For high-dimensional data with known groups, derive scores for plotting

Share:

Description

Cross-validated linear discriminant calculations determine the optimum number of features. Test and training scores from successive cross-validation steps determine, via a principal components calculation, a low-dimensional global space onto which test scores are projected, in order to plot them.
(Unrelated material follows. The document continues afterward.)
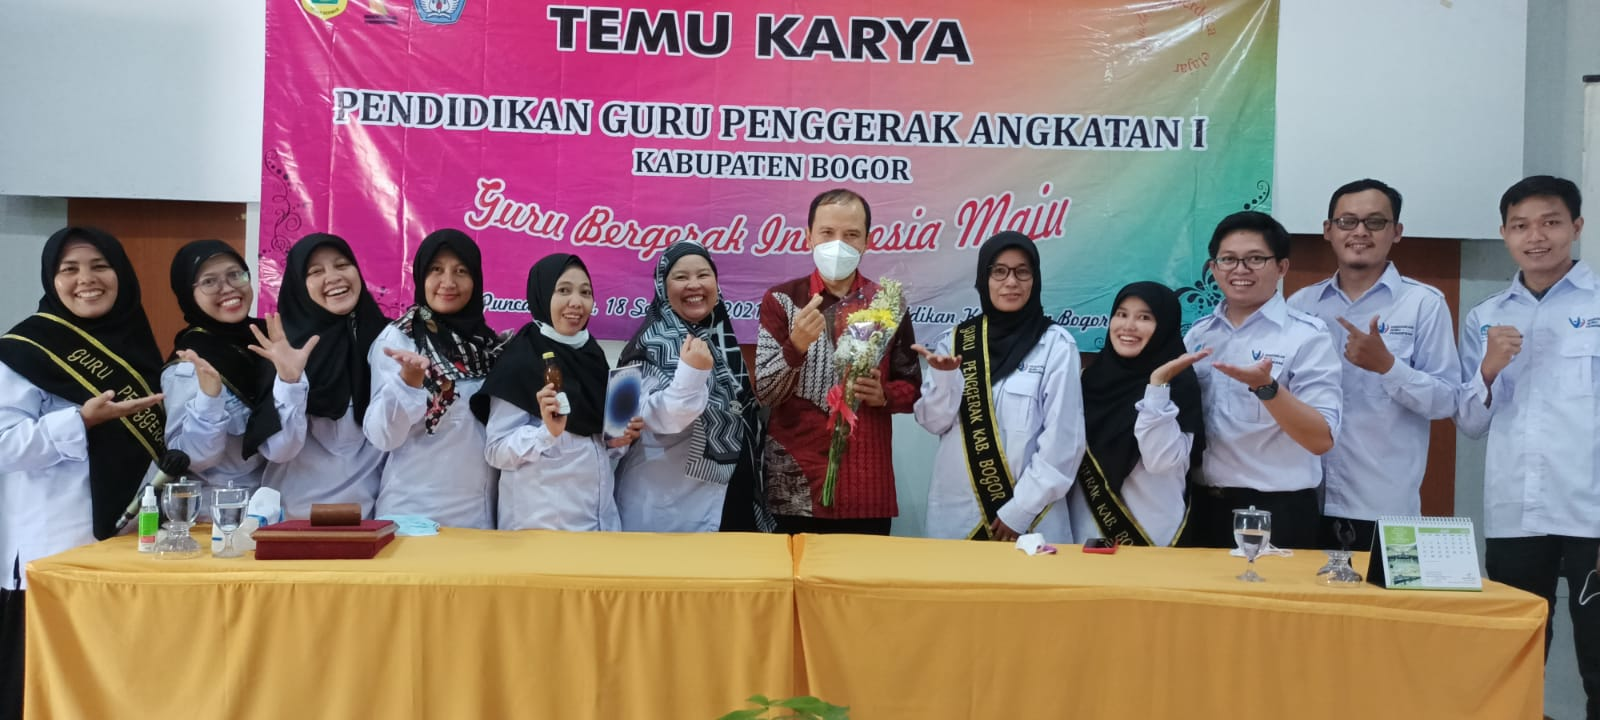 87 Guru Penggerak Kabupaten Bogor Pamerkan Hasil Inovasi

Further functions are included for didactic purposes.

Details

Package: hddplot
Type: Package
Version: 1.0
Date: 2006-01-09
License: GPL Version 2 or later.

The most important functions are

cvdisc: Determine variation in cross-validated accuracy with number of features

cvscores: For a specific choice of number of features, determine scores that can be used for plotting

Note also scoreplot (plot scores), qqthin (qqplots, designed to avoid generating large files when there are many points), and functions that are intended to illustrate issues that arise in the plotting of expression array and other high-dimensional data

Author(s)

John Maindonald

Maintainer: John Maindonald <john.maindonald@anu.edu.au>

References

Maindonald, J.H. and Burden, C.J., 2005. Selection bias in plots of microarray or other data that have been sampled from a high-dimensional space. In R. May and A.J. Roberts, eds., Proceedings of 12th Computational Techniques and Applications Conference CTAC-2004, volume 46, pp. C59–C74.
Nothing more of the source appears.